Requirement: Print out the data exactly, keeping every image out of it.

Data excerpt:
________________________________________
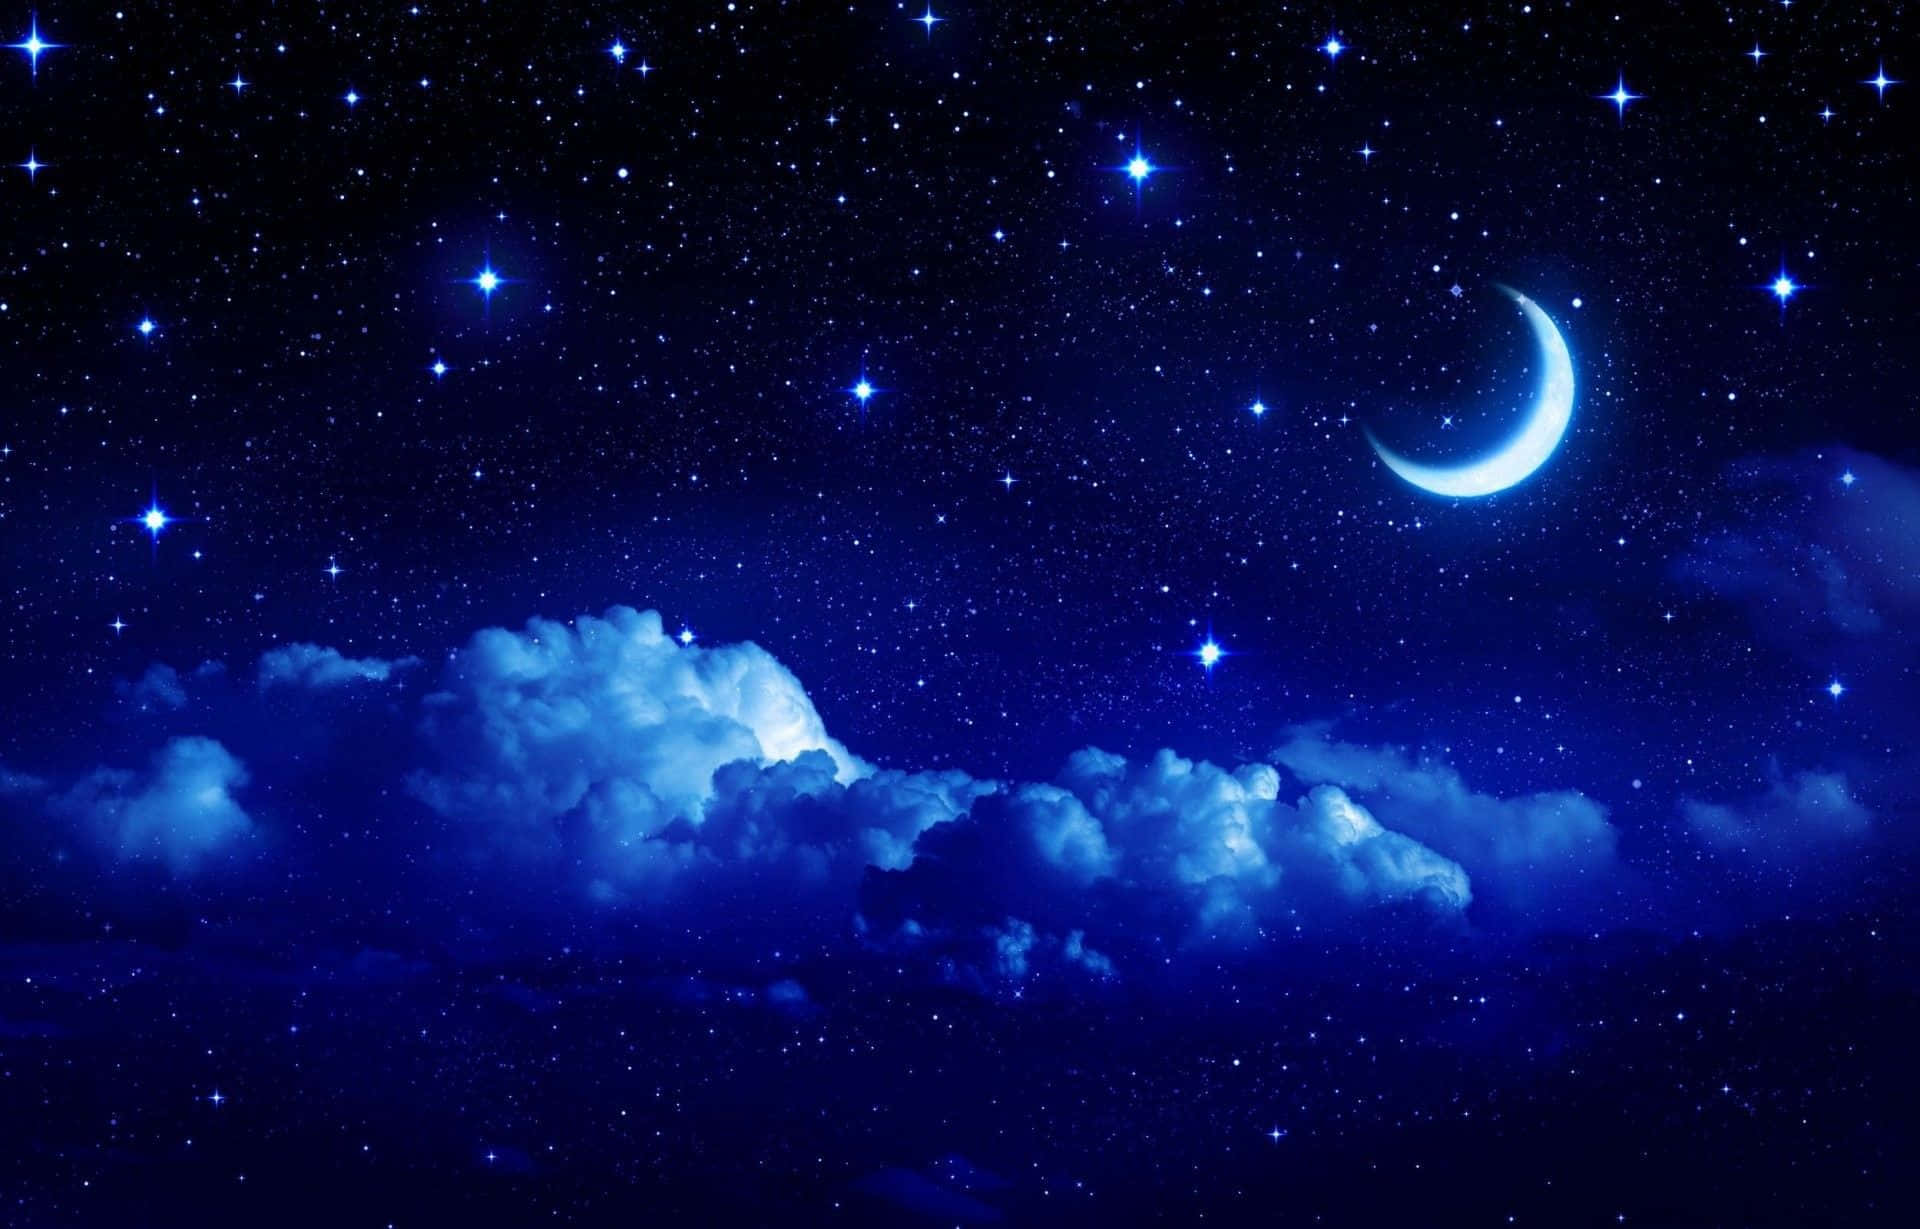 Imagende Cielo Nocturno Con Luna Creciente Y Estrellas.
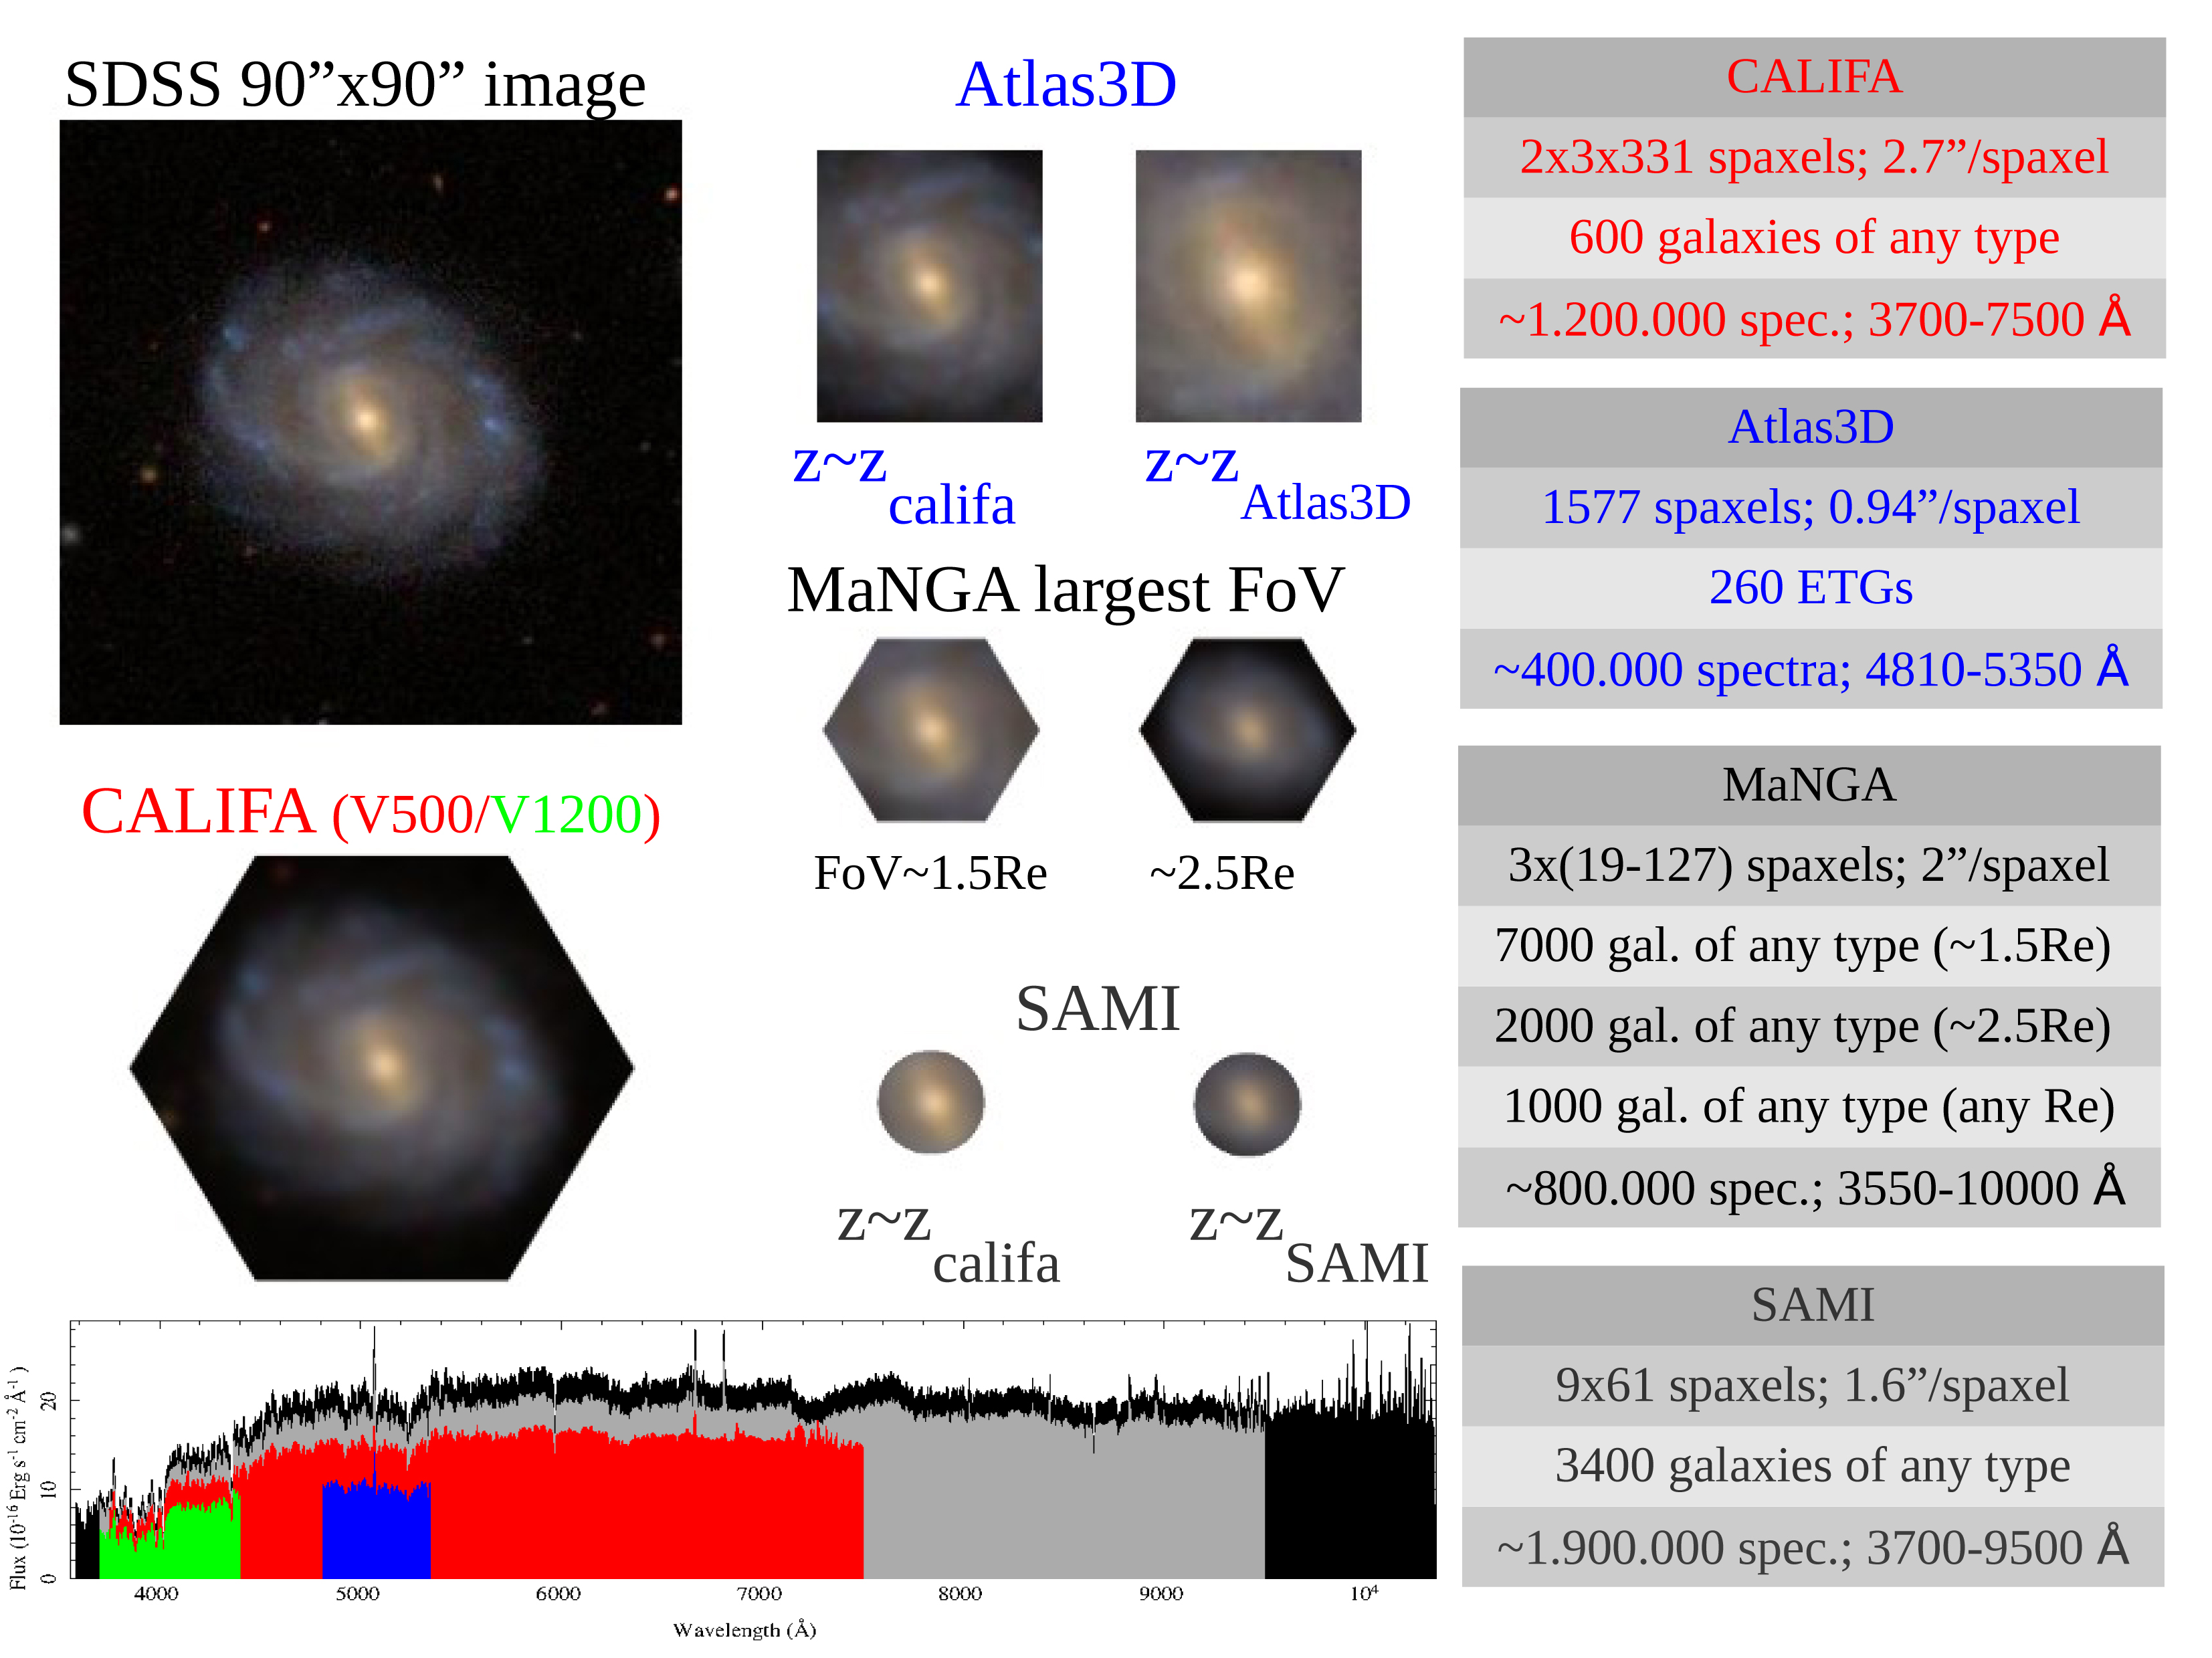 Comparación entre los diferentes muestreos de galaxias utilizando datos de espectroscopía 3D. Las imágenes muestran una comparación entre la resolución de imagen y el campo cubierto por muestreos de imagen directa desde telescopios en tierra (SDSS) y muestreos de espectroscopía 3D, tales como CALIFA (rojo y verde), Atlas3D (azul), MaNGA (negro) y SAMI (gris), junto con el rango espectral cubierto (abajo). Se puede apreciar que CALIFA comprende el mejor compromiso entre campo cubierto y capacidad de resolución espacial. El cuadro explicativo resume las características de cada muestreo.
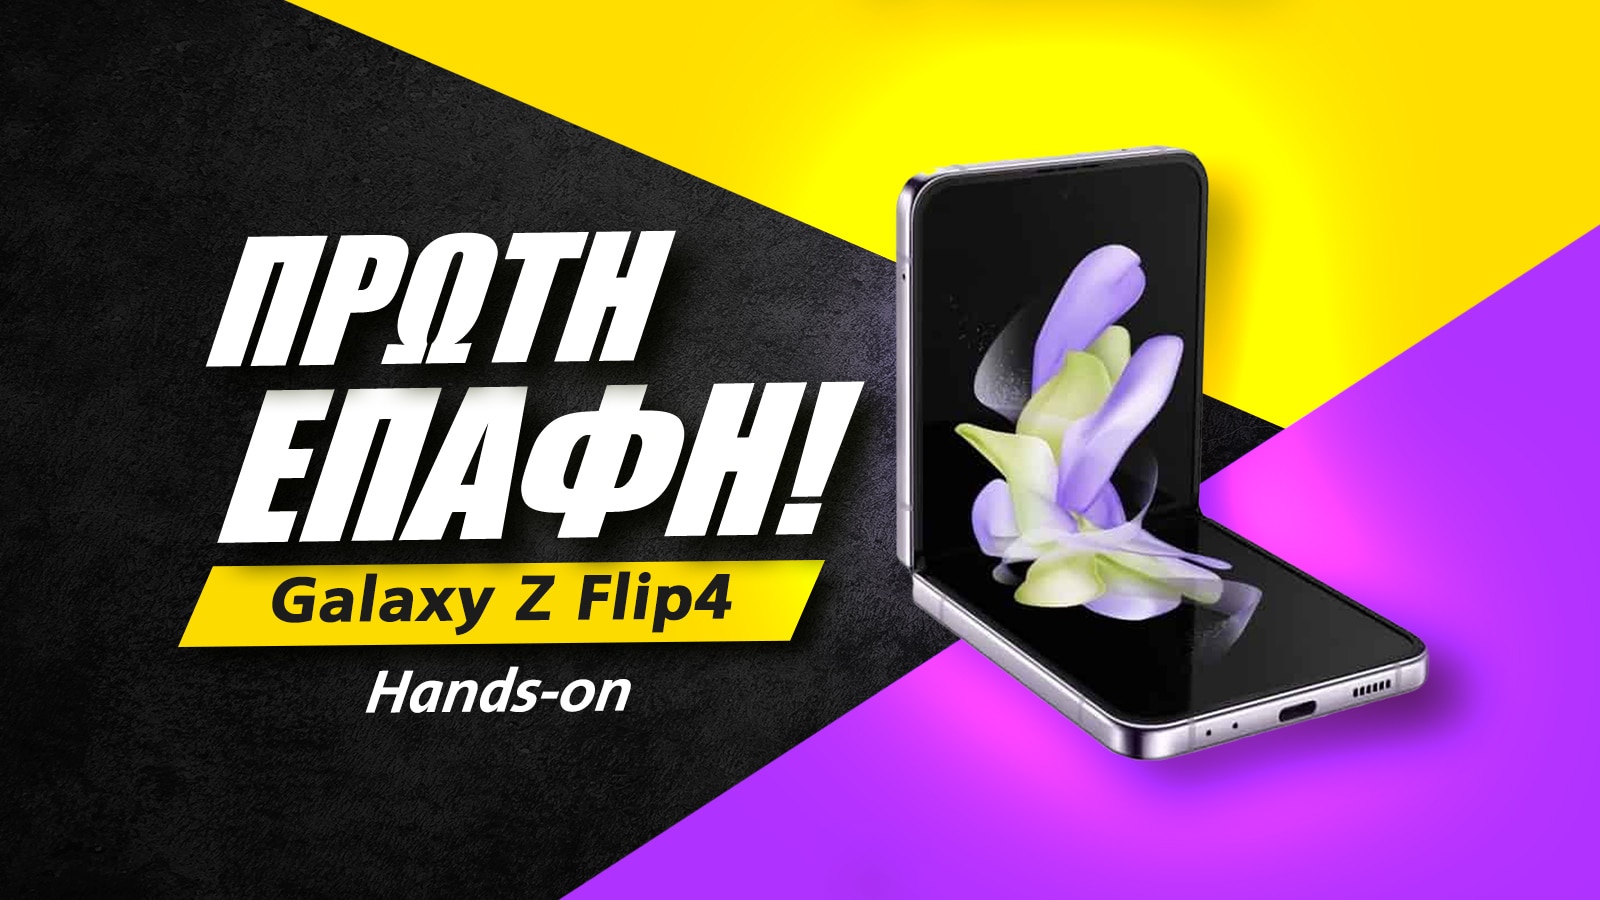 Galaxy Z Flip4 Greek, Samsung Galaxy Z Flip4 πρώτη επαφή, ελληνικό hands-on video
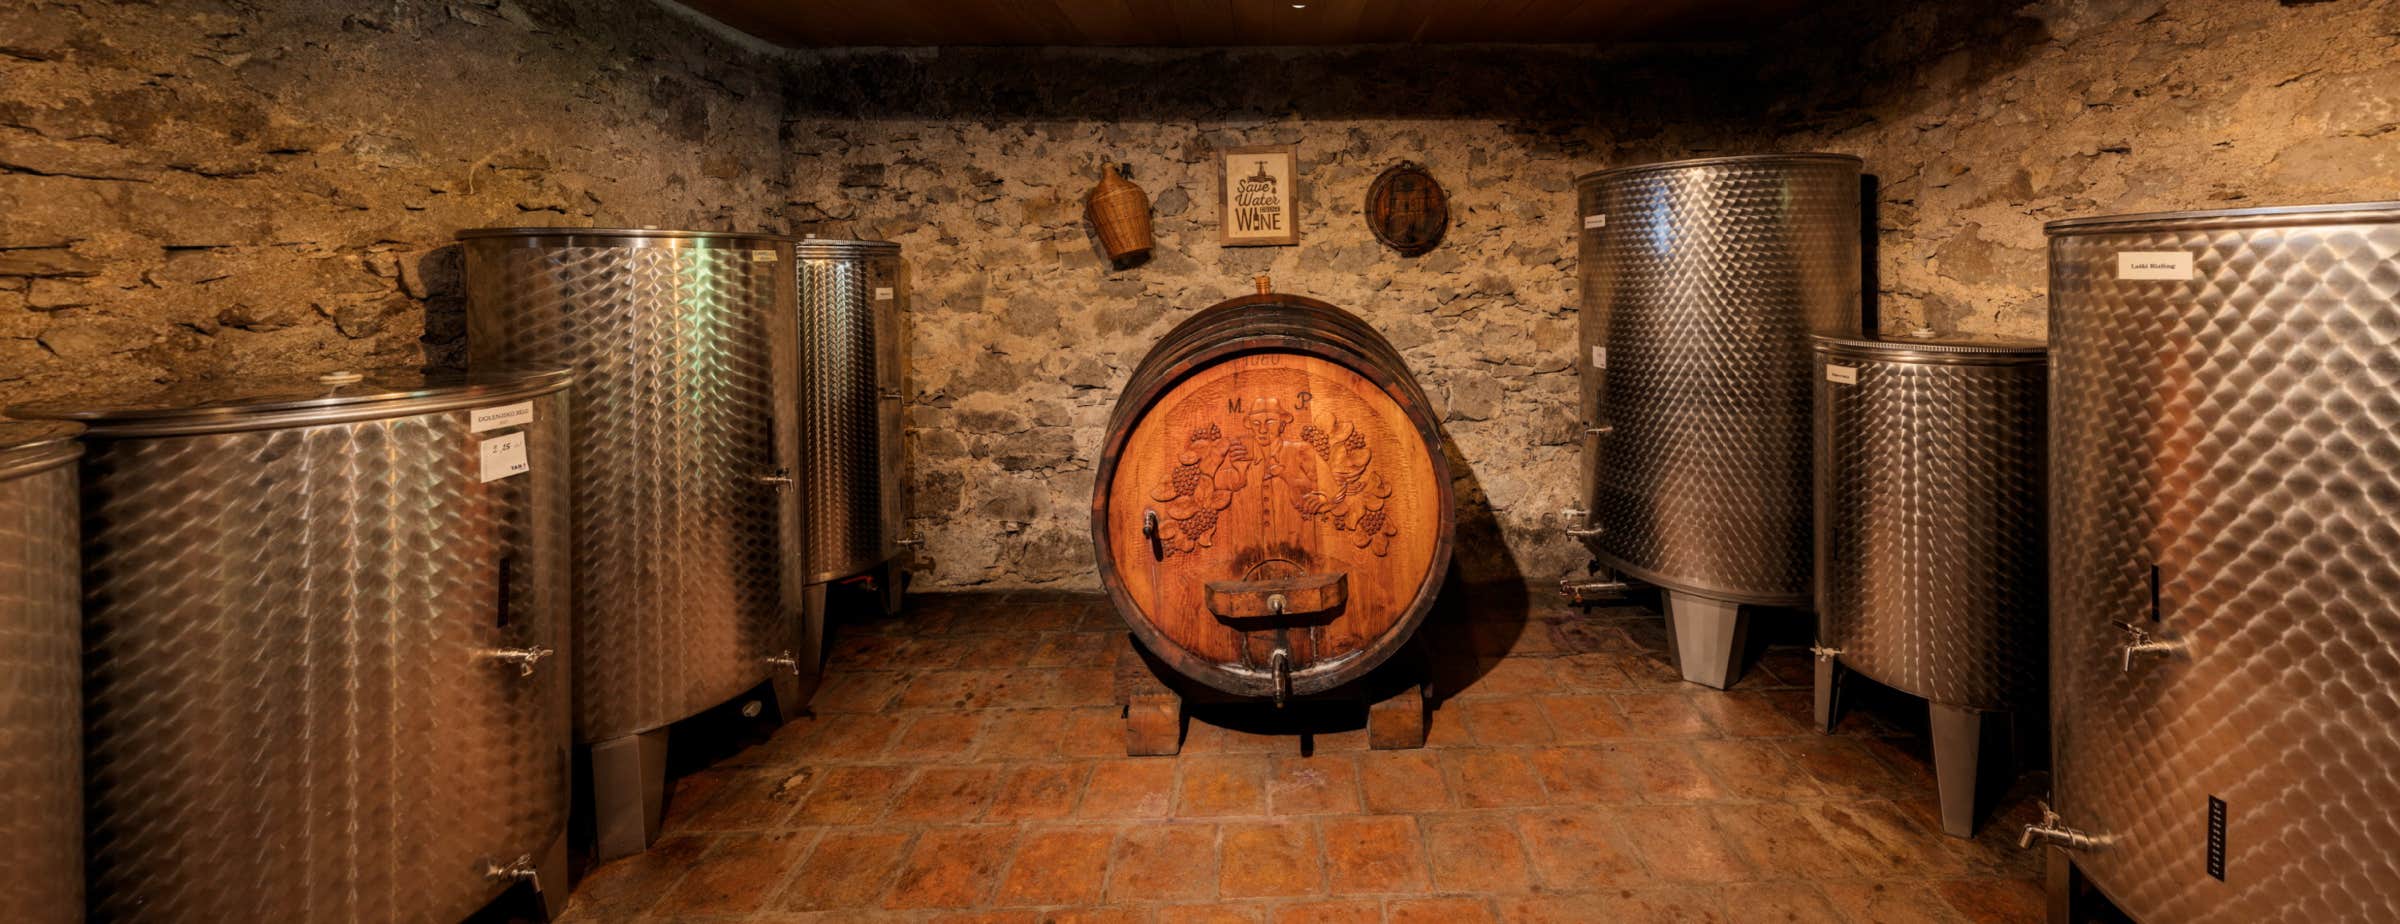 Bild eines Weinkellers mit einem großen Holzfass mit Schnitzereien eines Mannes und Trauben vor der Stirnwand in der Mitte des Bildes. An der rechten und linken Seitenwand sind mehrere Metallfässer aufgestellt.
________________________________________
Your solution:
 Imagende Cielo Nocturno Con Luna Creciente Y Estrellas.
 Comparación entre los diferentes muestreos de galaxias utilizando datos de espectroscopía 3D. Las imágenes muestran una comparación entre la resolución de imagen y el campo cubierto por muestreos de imagen directa desde telescopios en tierra (SDSS) y muestreos de espectroscopía 3D, tales como CALIFA (rojo y verde), Atlas3D (azul), MaNGA (negro) y SAMI (gris), junto con el rango espectral cubierto (abajo). Se puede apreciar que CALIFA comprende el mejor compromiso entre campo cubierto y capacidad de resolución espacial. El cuadro explicativo resume las características de cada muestreo.
 Galaxy Z Flip4 Greek, Samsung Galaxy Z Flip4 πρώτη επαφή, ελληνικό hands-on video
 Bild eines Weinkellers mit einem großen Holzfass mit Schnitzereien eines Mannes und Trauben vor der Stirnwand in der Mitte des Bildes. An der rechten und linken Seitenwand sind mehrere Metallfässer aufgestellt.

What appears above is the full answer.